I recently read the meandering meditations of Rebecca Solnit in her book A Field Guide To Getting Lost. A set of personal essays seeking the meaning of being lost, losing valued places, people and times, and on the sense of being lost in thoughts as well, the book was perfect bed time reading. What does one lose when we sleep? Apparently, during REM sleep our body is temporarily paralyzed which is why we do not move in reality even when we might move in our dream. We are truly lost to ourselves in the night-time, perhaps in a dark cavity filled with symbolism— of desires, dreams, fears and ambitions. What else could explain dreams? Weekends are, I think, the night-times at the weekly level.


It has been a little more than a year since I began my PhD research. Delving into the most darkest dystopias for my research, I have a newfound appreciation for everything simple and bright. How absolutely wonderful that we still have trees! Sunlight! Rain! To think that there could be worlds where there are incessant acid rains, surrogate slaves and a constantly spying government, or a perpetual motion machine that goes around a frozen world, is now just – work. When you take up a long-term project such as this, it is inevitable that it creeps into your time outside work, as well. I have found myself wondering about a possibility or an idea, even a brainwave that restructured an entire chapter, when I am least expecting it– such as in the middle of the night or when I am folding laundry. That is the process.


One day off a week is a useful system when doing a PhD. This has mostly meant that I am losing my weekends to research. One could argue that the post-pandemic flexibility in work timings has made it rather common for weekends to not be the relaxing time they once were. Given that weekends are indeed social constructs, it is only realistic that a global pandemic could also erase the social emphasis on weekends, just as it did with the expectation of working in offices. Could it be that we are witnessing the end of weekends? Or, is it just me?


As a child, weekends for me meant time spent at my ancestral home with grandparents and cousins. Every Friday evening, my parents would drive my sister and me to my father’s house in rural Kerala, a one hour drive away from the mild bustle of Calicut city. My grandfather, adamant as he still is, would open the gate himself and our car would be parked. My grandmother would insist that I wear at least a necklace, or that my sister wear a bindi. My grandfather would ask about school. After the cursory tea and seasonal snacks, my sister and I would slip away to my cousins’ house next door to announce our arrival.

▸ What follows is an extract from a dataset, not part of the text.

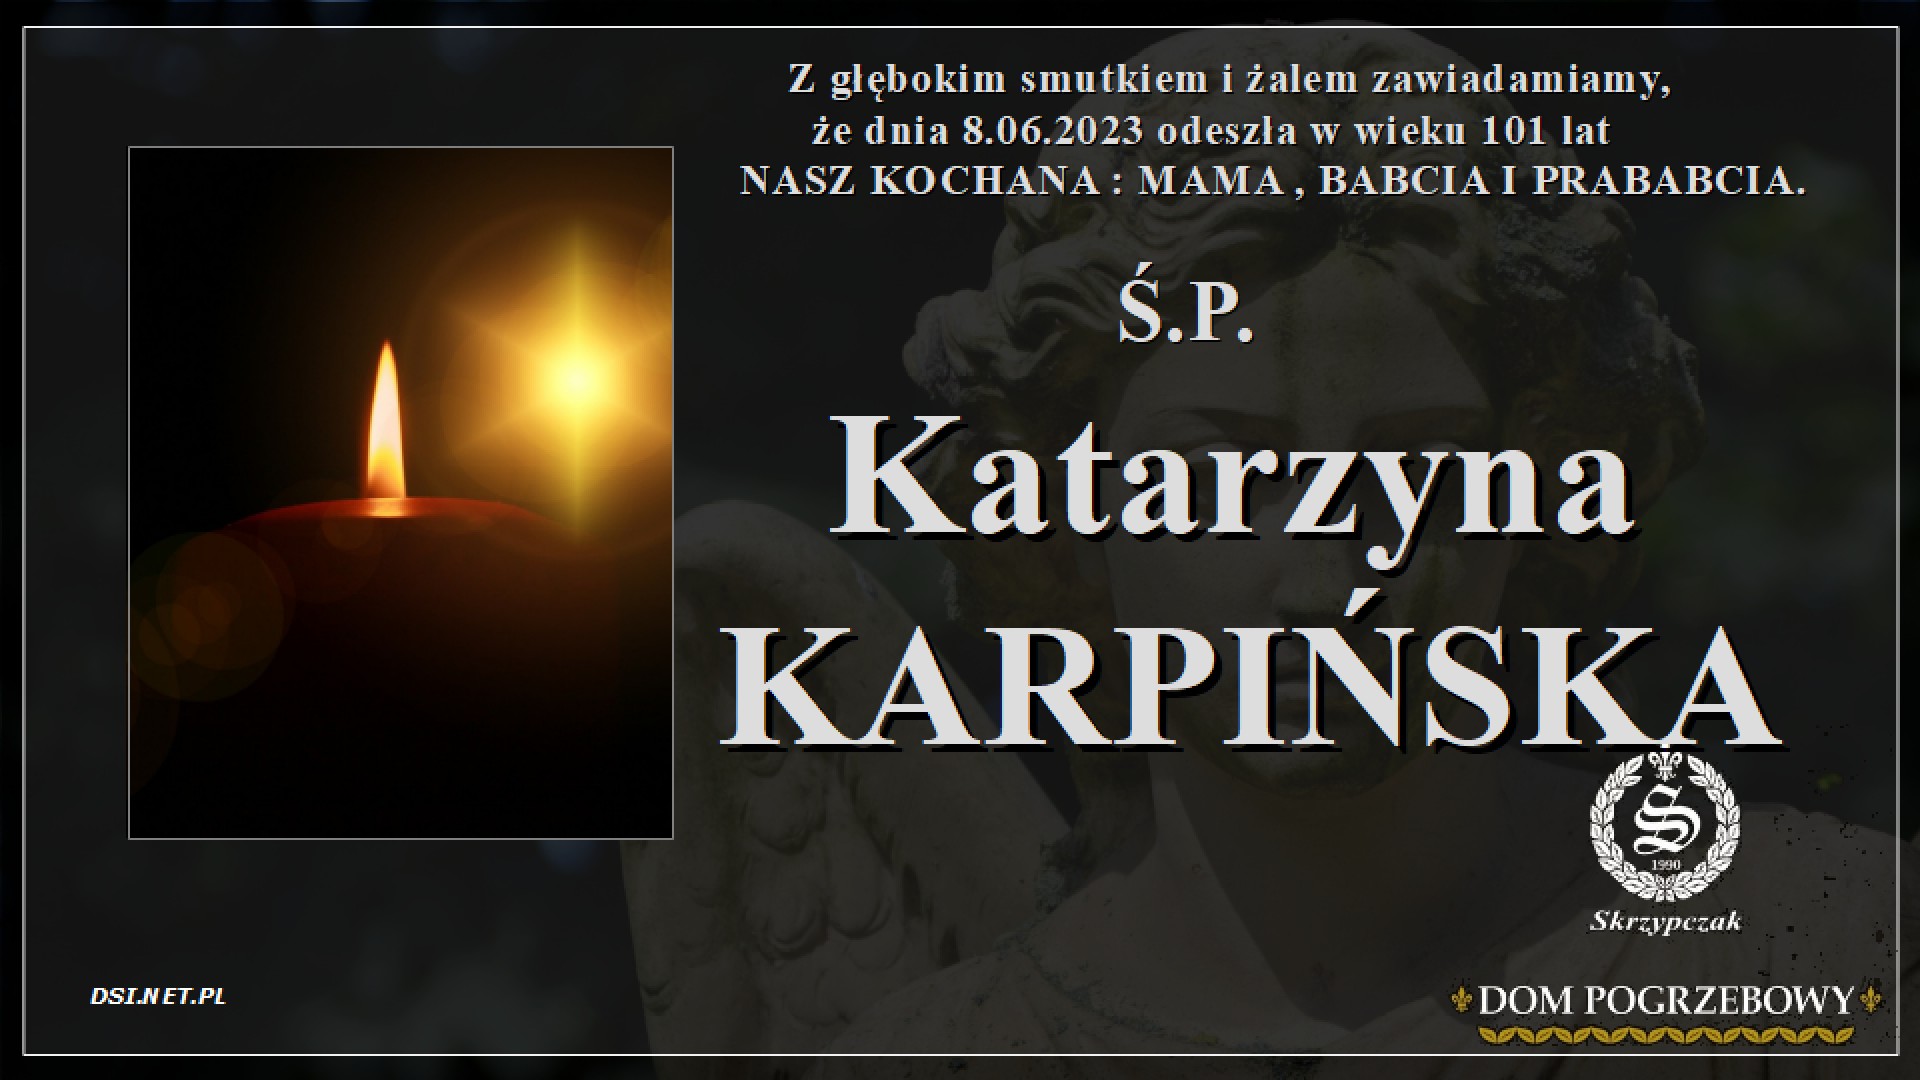 Ś.P. Katarzyna Karpińska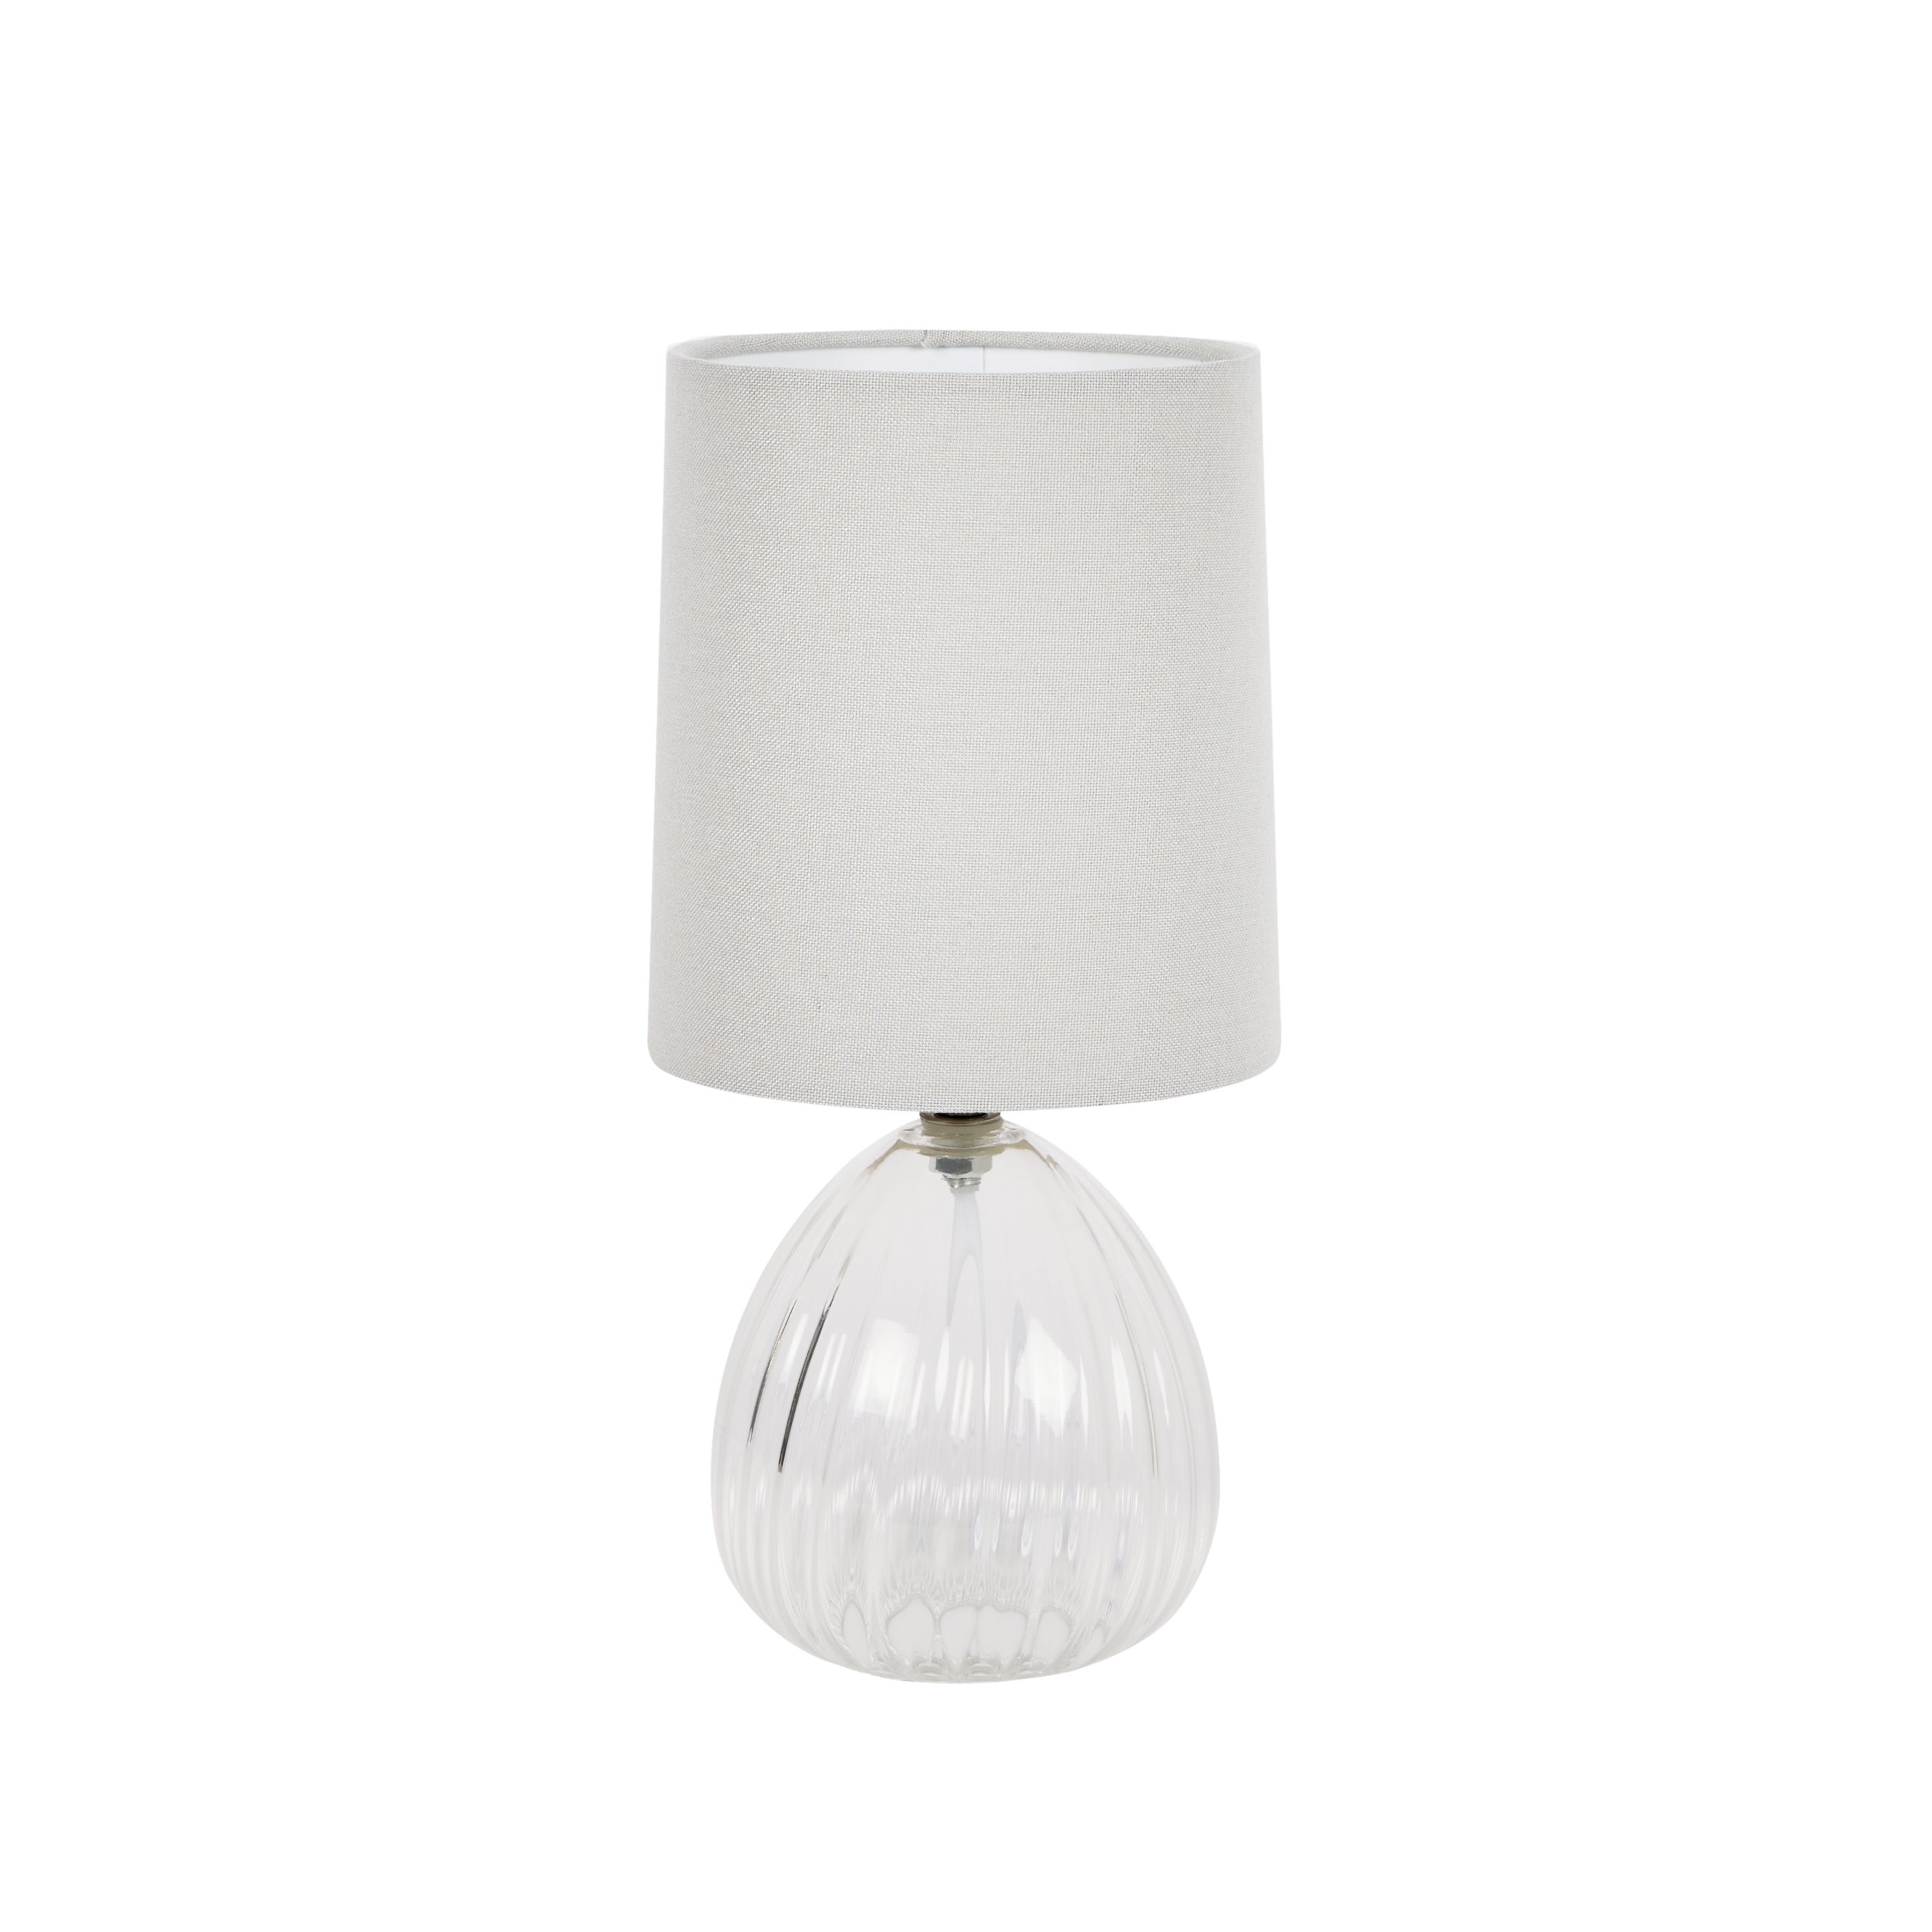 Cherie Glass Table Lamp Cream

Growing up, visiting my relatives meant being back in the thick of the action. There would be political arguments between my uncles and my grandfather, heated discussion on what someone implied at a recent social event, a nostalgic foray about the past and some quiet afternoon siestas. Those weekends were what I looked forward to after long weeks at school. During the summer, there would be extended time spent with my grandparents. My cousins and I would be busy building our little makeshift hut in the backyard. It was our private hangout complete with a mini-fan, a mirror and some magazines. The perfect getaway from the adults.
By the time I was in high school, these visits began to get harder to schedule. I had weekend tuitions and my sister had her dance classes. My cousins seem to grow quite rapidly during our time away. Weekends were now already a semi-free time with extra demands from school. But that also came with excitement in tuition classes and other events. In college at Buffalo, weekends meant trips to get Indian food. The best haunt was a Pakistani restaurant called Zaiqa with excellent naan sprinkled with sesame seeds. It was on the way to Niagara Falls which meant my friends and I also visited the tourist haunt every other weekend. I consider myself lucky to witness the roaring majesty of the waters of Niagara, to hear it thunder down. You always hear it first before you see it.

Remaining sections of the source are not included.